The receiver operating characteristic (ROC) curves and area under curve (AUC) values are used to describe the average performance of the VAD algorithms. And detection performances under different SNR levels are also assessed in terms of non-speech hit rate (HR0) and speech hit rate (HR1).
4.2 Evaluation results
AUC values of the evaluated VAD algorithms under −5 dB SNR
For other noises such as m109, opsroom, engine, and hfchannel, the best performance is obtained by the LTSV-based VAD algorithm, which means the LTSV measure can effectively distinguish these noises from the corresponding noisy speech. Not only does LTSV method takes advantage of the long-term information but also benefits from the signal variability defined in LTSV. However, the LTPD-based VAD algorithm still outperforms other algorithms except LTSV.

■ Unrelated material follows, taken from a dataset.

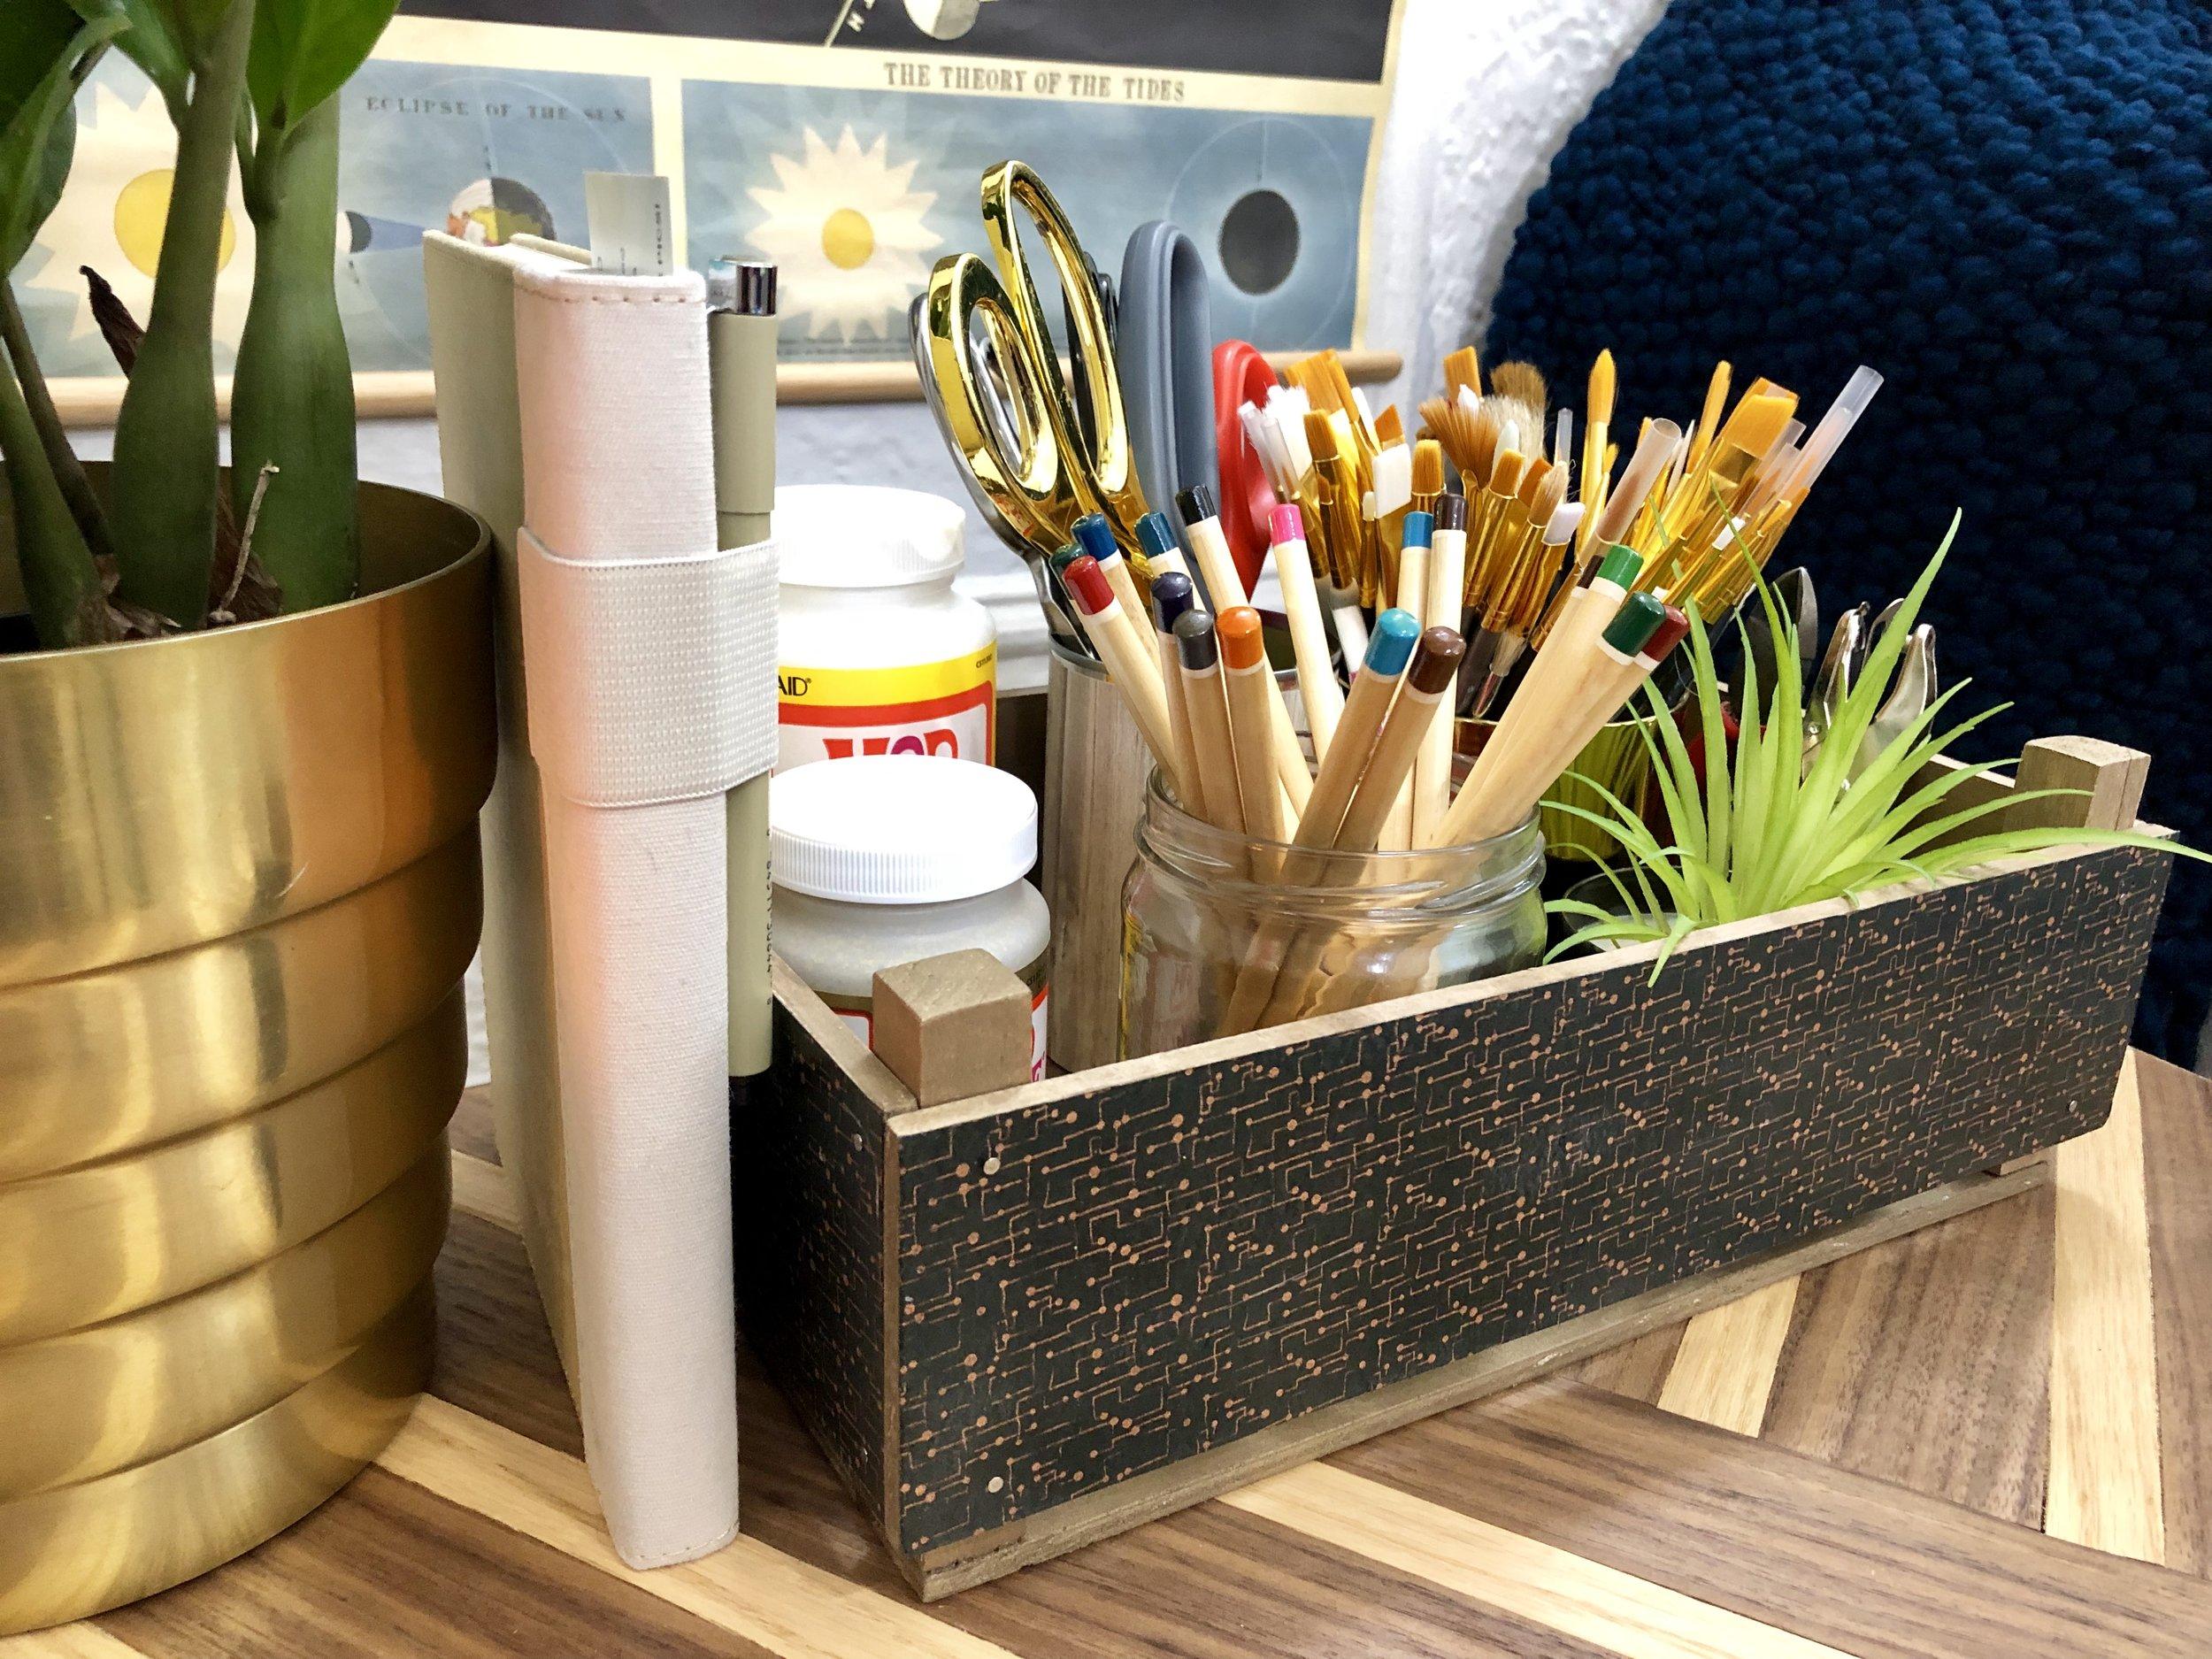 DIY Clementines Inspired Wooden Craft Box DIY using balsa wood  #storageorganization #apartmentideas #diyhomedecor #diycrafts #diywoodprojects #plaidcrafts #craftsupplies
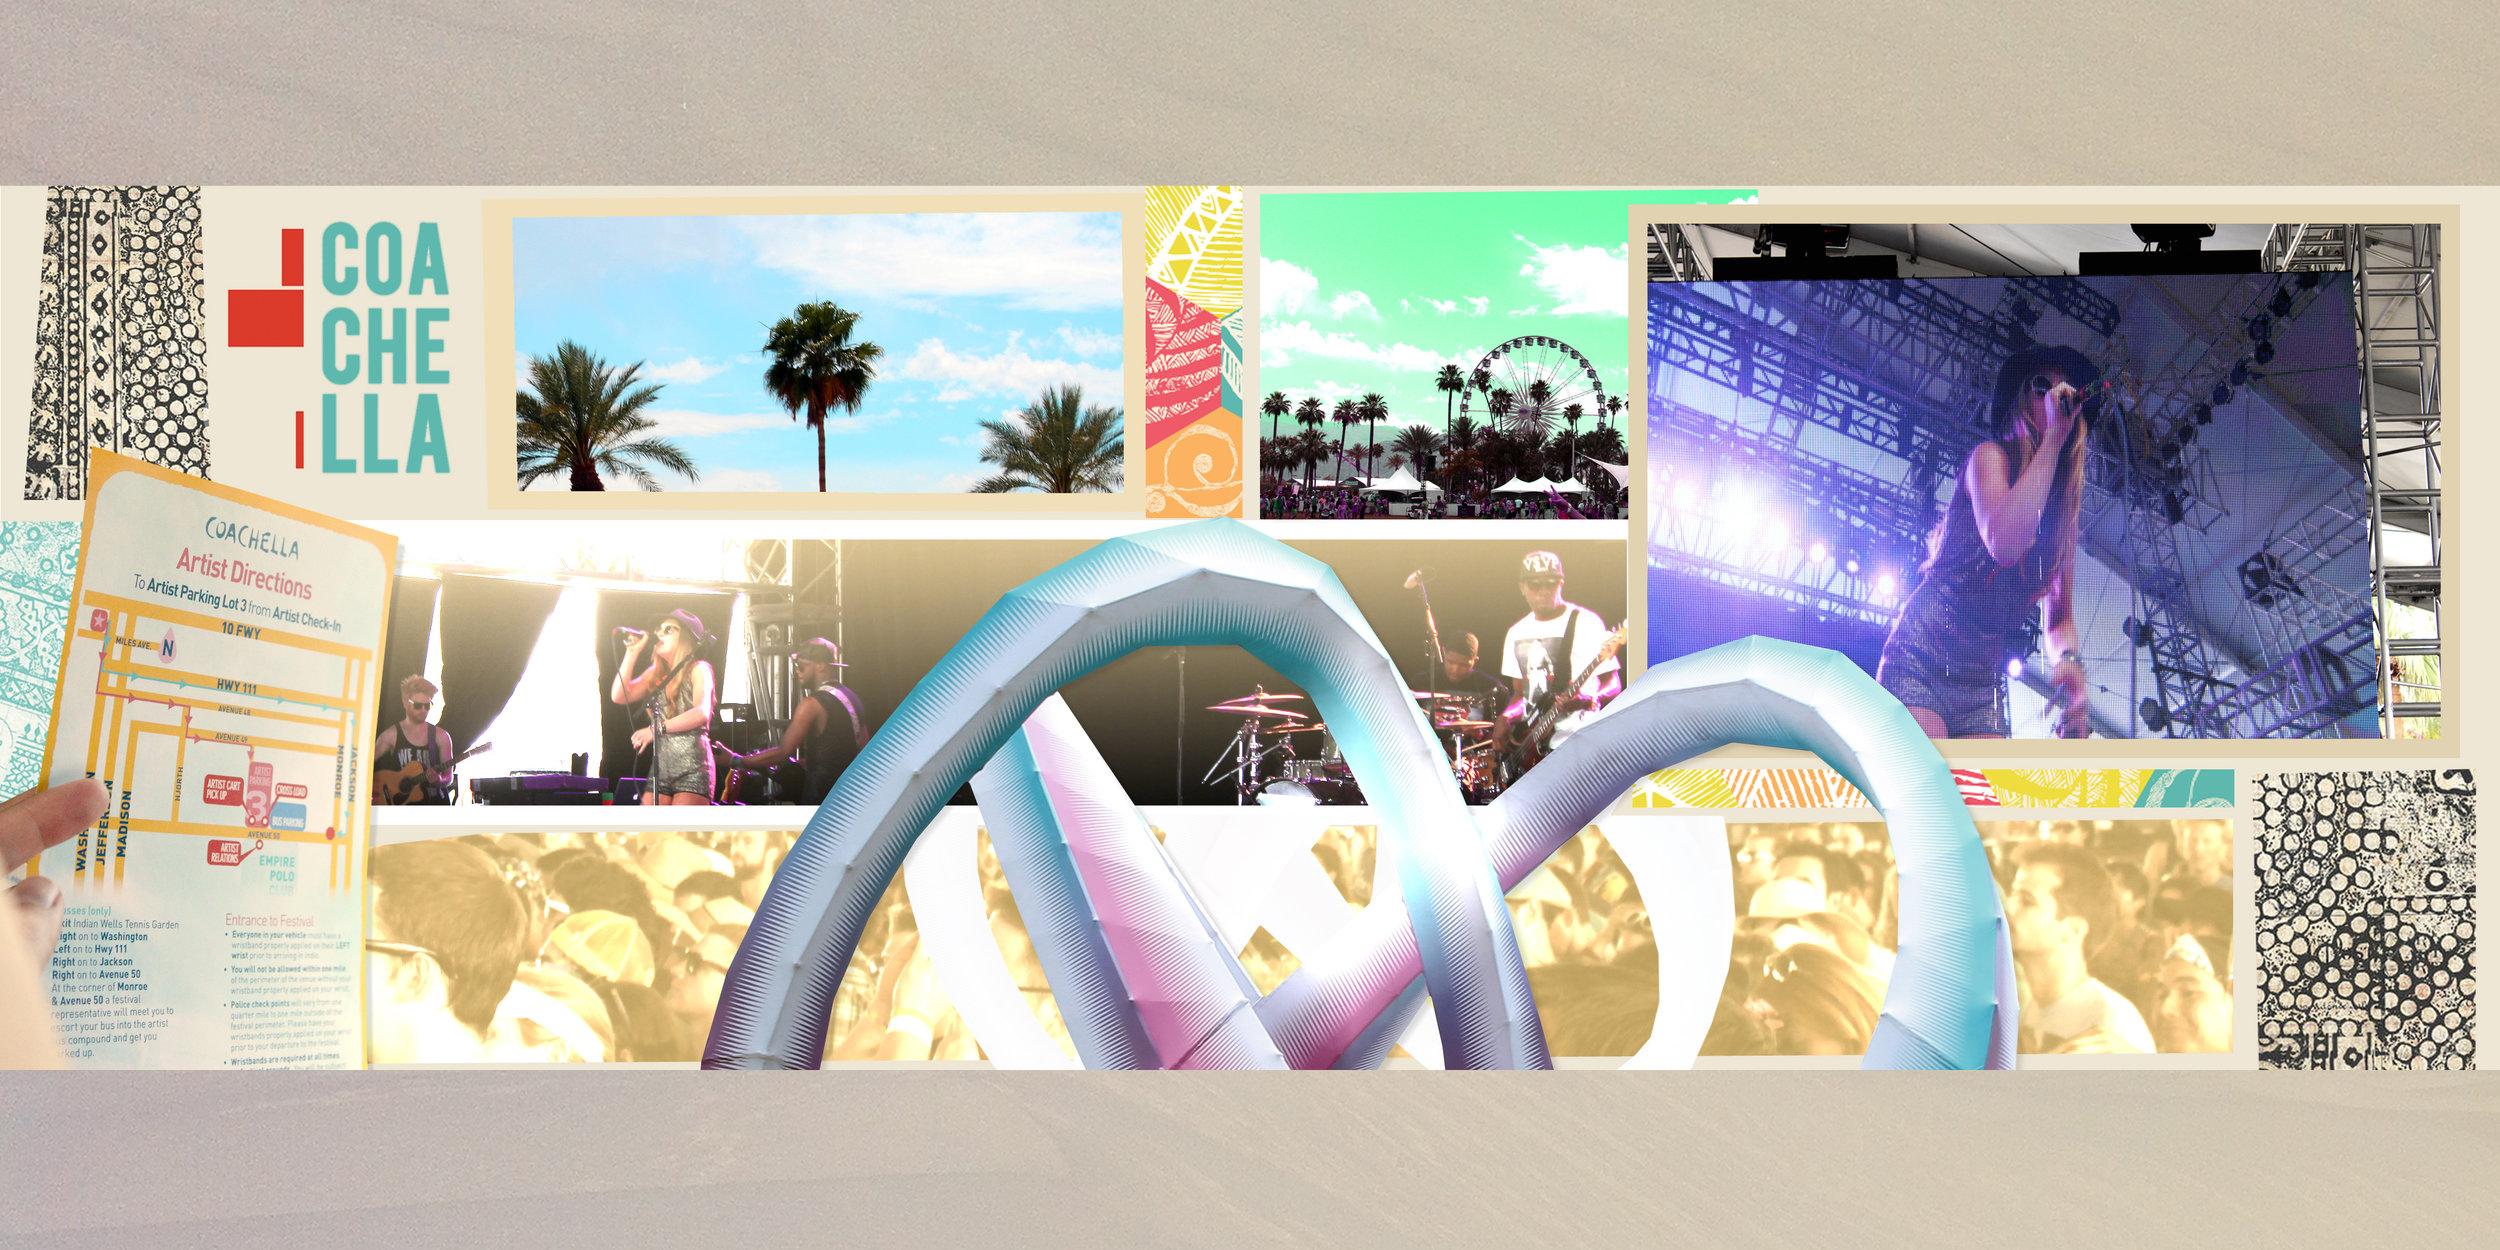 Coachella Image 3

For the vehicle interior noise like leopard and volvo, the characteristics of noisy speech do not change significantly compared to that of pure speech  resulting wonderful performances for all evaluated methods. As an exceptional case, all methods do not perform very well under babble noise composed of voices from 100 people speaking. However, in this case, LTSD-based VAD algorithm is superior to other algorithms, which means that linear spectrum-based LTSD measure is successful in distinguishing such noise consisting of human voices from the corresponding noisy speech.
According to the average AUC value in measuring the comprehensive property of each VAD algorithm under different noisy environments, LPTD-based VAD algorithm is significantly superior to other algorithms, even with a stronger robustness even at low SNR.
Sohn-VAD algorithm yields a moderate behavior with relatively high speech hit rate but slightly low non-speech hit rate.
Harmfreq-VAD, LTSV-VAD, and LSFM-VAD algorithms also obtain a moderate behavior with relatively high non-speech hit rate but slightly low speech hit rate.
The LTSD-VAD algorithm yields the best speech hit rate while non-speech hit rate is poor.
The LTPD-VAD achieves the best compromise among the four evaluated VADs. The speech hit rate of LTPD-VAD is less than all the other methods in clean conditions (above 5 dB) but better than Harmfreq, LTSV, and LSFM in noisy conditions (−5 dB). Moreover, its non-speech hit rate is much better than all the other methods in all cases.
Average speech and non-speech hit rates for SNR levels ranging from 20 to −5 dB
In this paper, a new VAD algorithm is presented for improving the performance of speech detection robustness in various noisy environments. The algorithm is based on the estimation of long-term pitch envelope and measure of long-term pitch divergence between speeches and noises. And an adapted LTPD decision threshold is also given using the measured signal-to-noise ratios. The experimental results show that the proposed method outperforms the other up-to-date VAD algorithms under the most non-stationary noisy environments and is more robust than other VAD algorithms even at low SNR due to the highest non-speech hit rate and a moderate speech hit rate.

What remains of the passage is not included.